At least, that is what Garbage Bowl veteran Bill Spears would have you believe. “Some
guys were fooling around, and one group challenged another to play out in the
snow and the cold,” said Mr. Spears New Year’s Day, as he held
a cup of coffee with a “wee dram” in it. “After the game,
they found they no longer had a hangover from their New Year’s Eve parties.”
But Mayor Simms takes that story with a grain of salt. “I think the players
had planned this game a few weeks before their parties,” he said. “But
I grant you, it is a good hangover cure.”
Since its start, it has become a traditional grudge match between people living
north and people living south of the CP train tracks in Montreal West.
Garbage Bowl Association president Donna Stafford said playing football in
the snow is what attracts such a devoted following. “The main thing is
the entertainment factor.”
Watching the game, it was hard to tell whether the players were tackling each
other or hanging on to each other to keep standing up.
The ground was that icy.
Actually blocking an opposing player became a horrendous task. A player no
sooner bumped another with his arms than saw his legs slip out from under him
and down he went. The only saving grace was the opposing player also went down
because of the ice.
“This is my last year,” said Northern Combines tight-end Eddie Smith. “I’ve
been at this for 10 years. I’ve had two heart attacks, but I’ve also
loved these games:’
First-year bowl player and newly-arrived Montreal West resident Charles Gagnon
got involved in the bowl after organizers spotted him in his football jacket
at a local curling match.
“I’ve been playing the game seven years through high school and college.

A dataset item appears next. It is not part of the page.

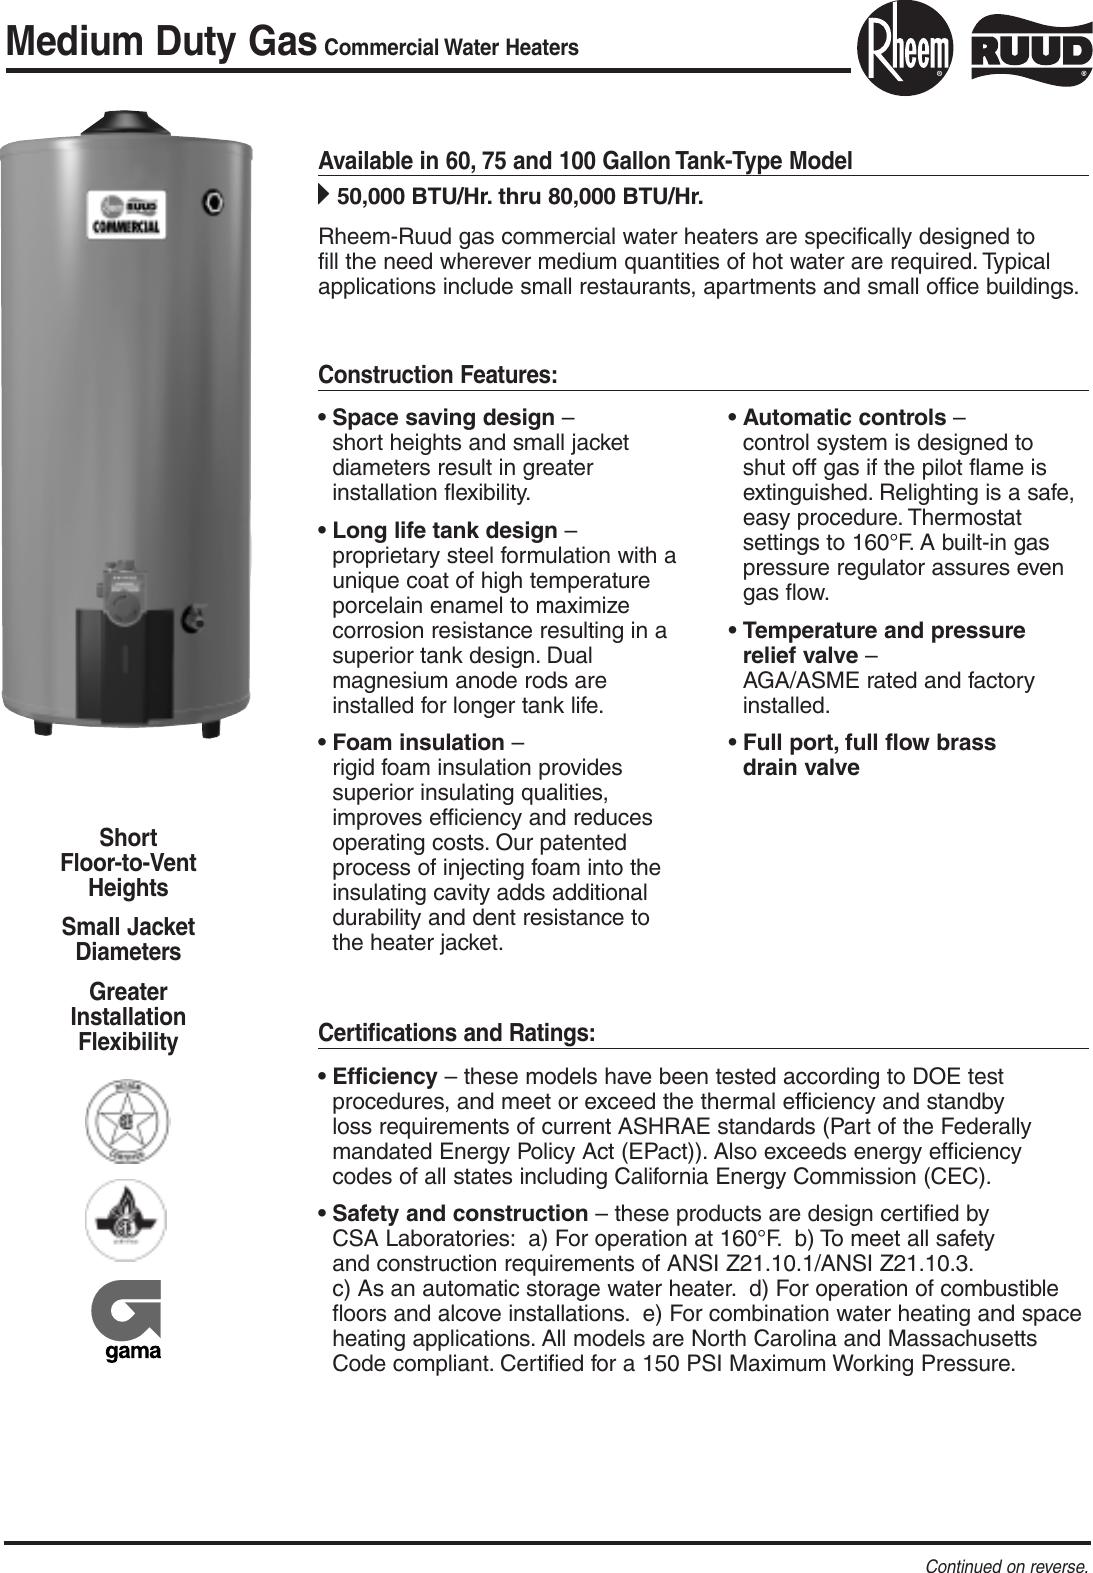 Rheem Medium Duty Gas Water Heaters60 75 100 Gallon Users

So they asked me if I wanted to keep on playing,” said the former Sherbrooke,
Que., resident before the game started. “But I can see this game is going
to be bad. Look at that ice.”
For some in the audience, the event is a tradition that has kept them coming
for years.
Montreal West resident Helen Clair Ross donned her father’s 1914 leather
football helmet and a fur coat to cheer on the players.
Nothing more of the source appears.